Aldarin slowly arose to his feet. All emotion had vanished from his face. Stern, calm, and fearless, he gazed around. He looked over the vast expanse of the cavern roof, he marked the dread face of the DEMON FORM towering far above, he gazed upon the hurrying forms and agitated faces of the men-at-arms.

“Lead me, lead me to my death—” spoke the fierce tones of Aldarin the scholar. “I scorn and defy ye all.”

Albertine, the monk, still clad in the dark robe and majestic attire of Ibrahim Ben Malakim, strode suddenly to the side of the scholar, and thrust a parchment roll in his hands.

“Man, I betrayed thee,” he whispered, in tones that attested his agony; “Man, I betrayed thee, though my heart smote me in the act. Yet I will not scorn thee in this thy final hour. The parchment, the parchment—grasp it with a grasp like death; the phial, the phial!”

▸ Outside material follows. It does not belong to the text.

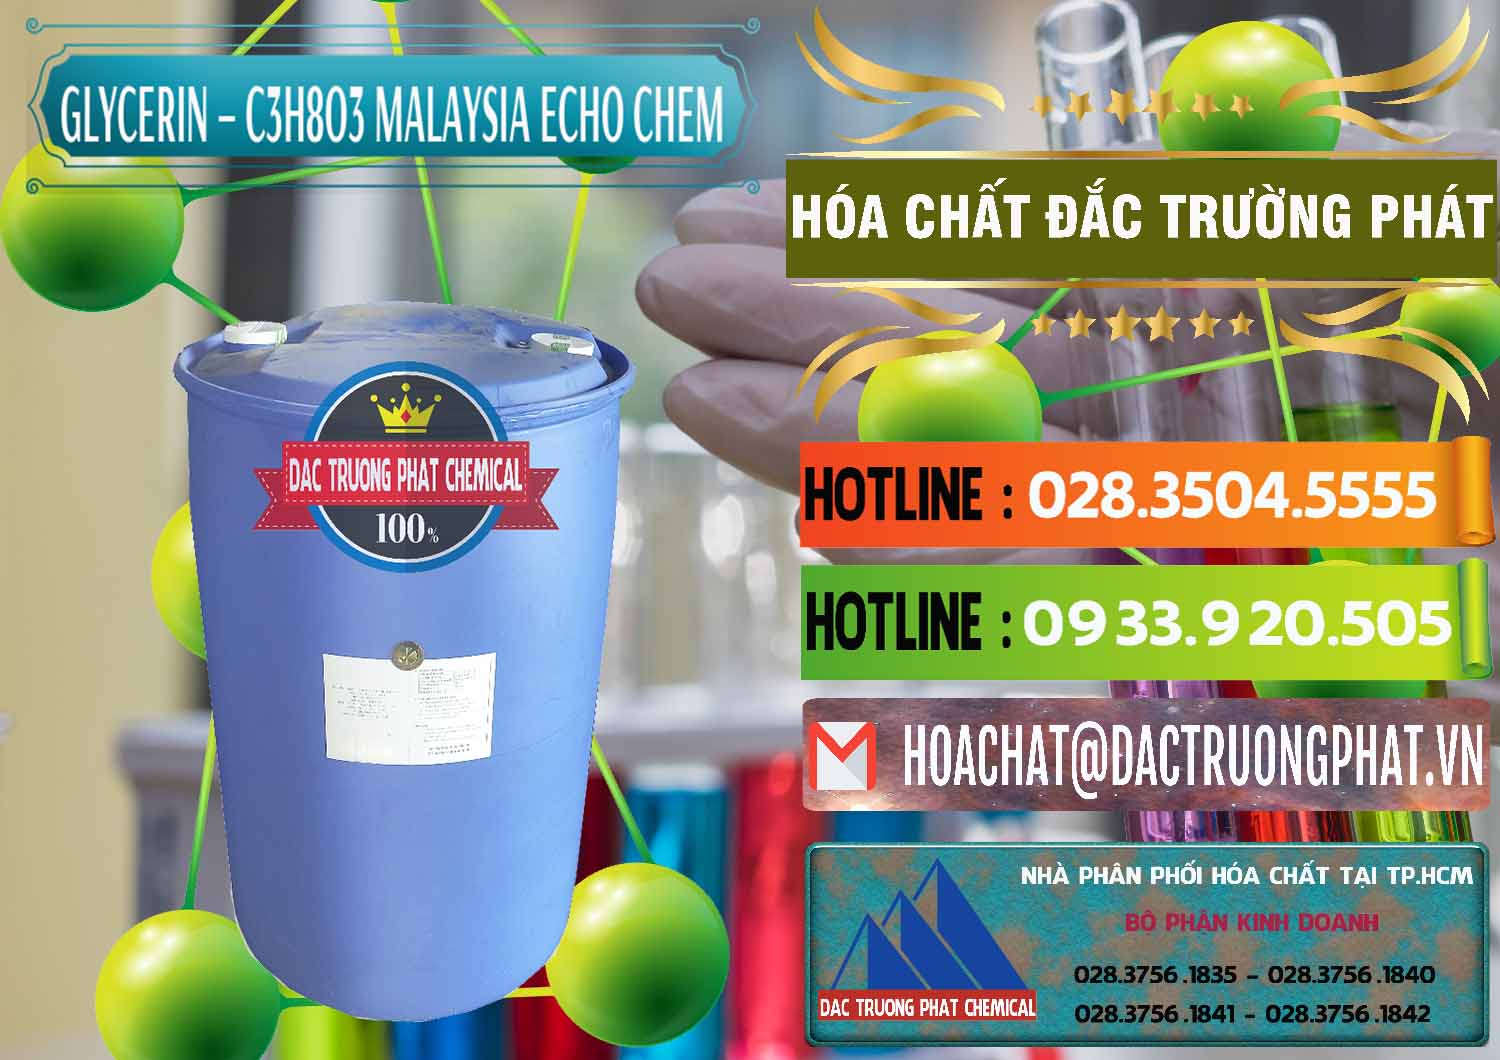 Cty chuyên kinh doanh & bán Glycerin – C3H8O3 99.7% Echo Chem Malaysia - 0273 - Đơn vị cung cấp ( nhập khẩu ) hóa chất tại TP.HCM - cungcaphoachat.com.vn

He turned, and continued in a loud voice, audible to the avengers: “Sinner, receive this book of prayer; it may comfort thy final hour.”

Aldarin took the parchment, and calmly folded it to his bosom.

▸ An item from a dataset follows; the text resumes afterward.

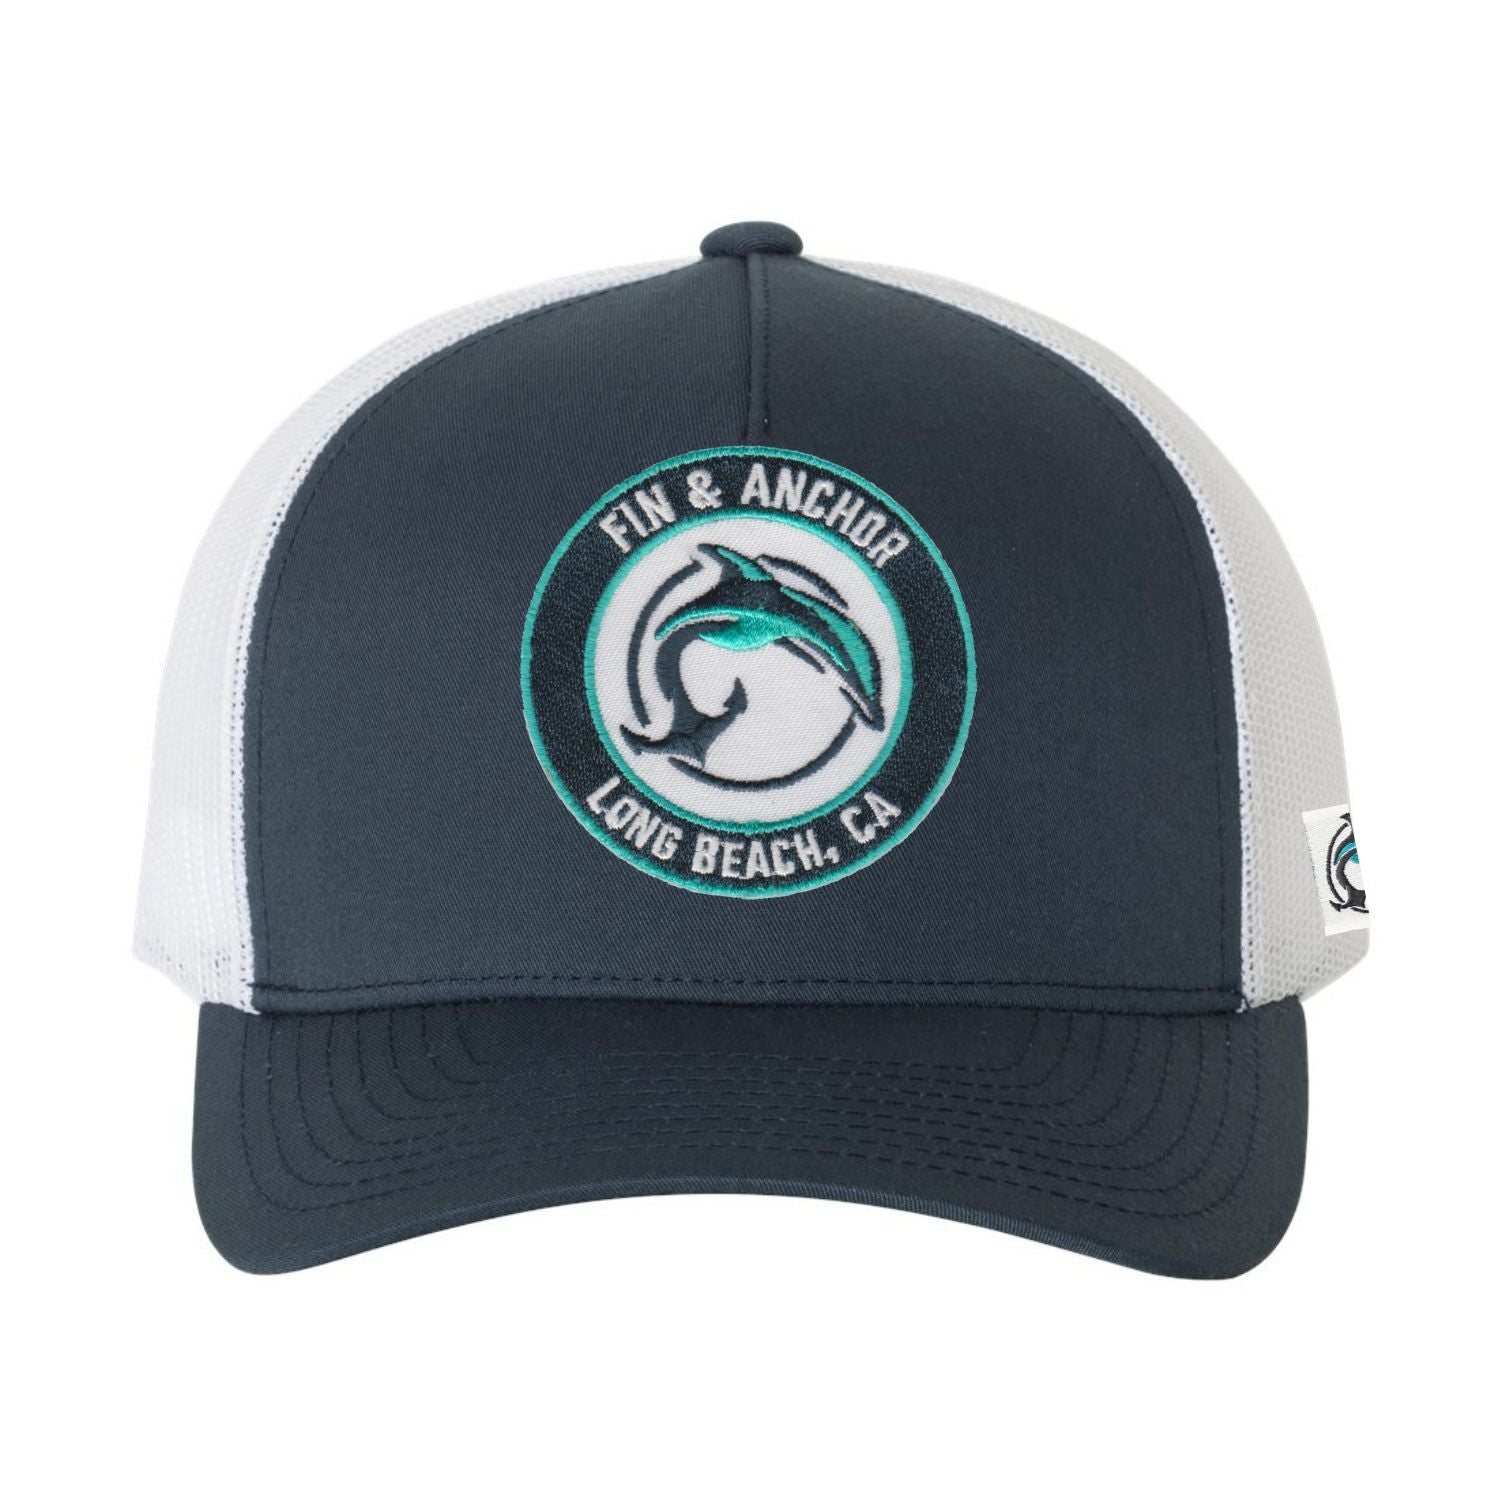 Fin & Anchor Long Beach Patch Retro Trucker Hat

“I scorn ye all,” he shrieked. “I defy your vengeance, I dare the doom ye would inflict. Aldarin fears not death.”

“To the gibbet with the murderer,” shouted Sir Geoffrey o’ th’ Longsword. “Aye, upon the same gibbet where blacken the forms of the brave soldiers of Lord Julian, there let the miscreant expiate his crimes.”

And the men-at-arms echoed the shout, until the vast cavern roof resounded with the words of doom: “To the gibbet—to the gibbet with the fratricide.”

In a moment the cavern was left to silence and eternal night.